June 27th, 2009
Governor Mark Sanford’s public meltdown and Americans’ reaction to it are good evidence of a basic illness in our popular culture (and our political culture as well). Actually, let’s just call it an illness in our culture as a whole.
I suppose that most of us (me included) have been somewhat amused by but also horrified at the totally inappropriate public performance of a guy who until now was a go-getting man of alleged principle. It’s been both riveting and cringe-inducing.
But really, why do we have this reaction to him? Our outraged or amused or uncomfortable reaction to him is in total contrast to the kinds of movies and songs and stories we all make popular.
In “High Fidelity,” Nick Hornby is on to this oddity:
People worry about kids playing with guns, or watching violent videos, that some sort of culture of violence will take them over. Nobody worries about kids listening to thousands, literally thousands of songs about heartbreak, rejection, pain, misery and loss.Think about this comment from the other side of “love”. We don’t worry about our kids (or us) watching movies or listening to songs that cajole us into “following our heart” and searching for true love, or looking for and finding our “soulmate.” Disney and other studioes churn this stuff out by the bushel, and we eat it up.

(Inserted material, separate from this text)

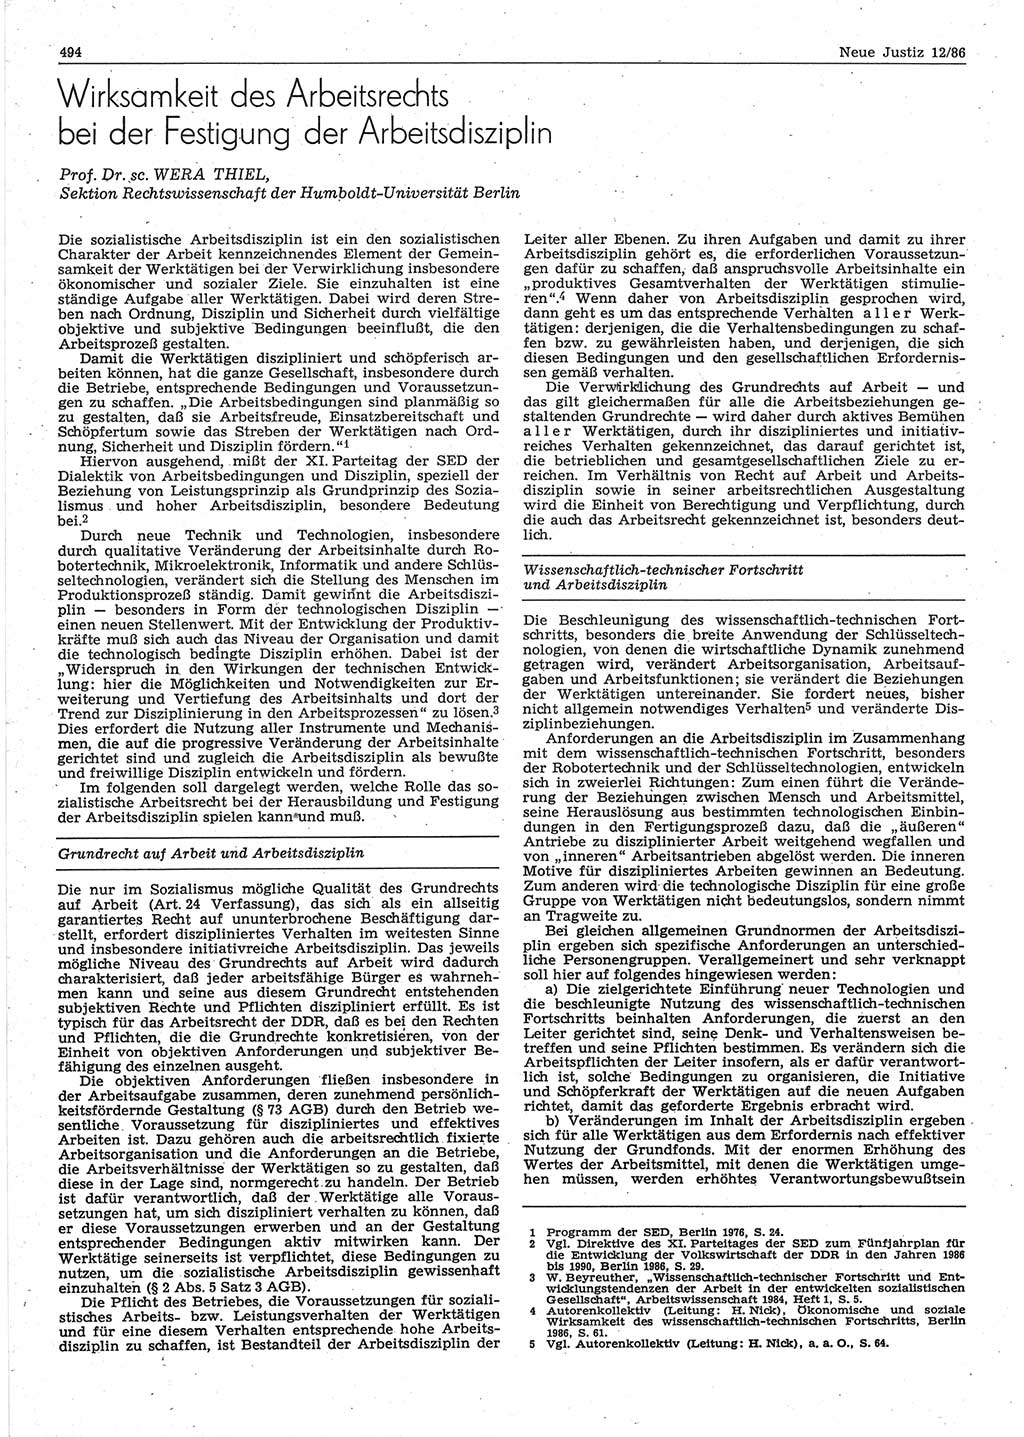 Neue Justiz (NJ), Zeitschrift für sozialistisches Recht und Gesetzlichkeit [Deutsche Demokratische Republik (DDR)], 40. Jahrgang 1986, Seite 494 (NJ DDR 1986, S. 494)

And yet when we are confronted by a guy who actually did this, the reaction is “What a loser!” or “How horrible!” or “What a hypocrite!” or “This is hilarious!” And we want to know all the details so we can stomp on the guy.
I’m not defending Sanford, and I know that this mess is having a terrible effect on his wife and children. Families and spouses and children are never the same after this kind of thing happens.
Sanford is a self-indulgent guy at this point in his life. His affair and then his shrink-session-style press conference are evidence of that. His abuse of the language of religion and faith is at least as unforgiveable as his infidelity is.
It’s just that I think we all participate in some kind of bait-and-switch for the heart.
In Disney movies, we often cheer people who shun convention and “dull” long-term commitments to family and chase the whims of their hearts.
In political life or other important arenas, we give them the “tsk tsk” and a sneer, and we feel superior.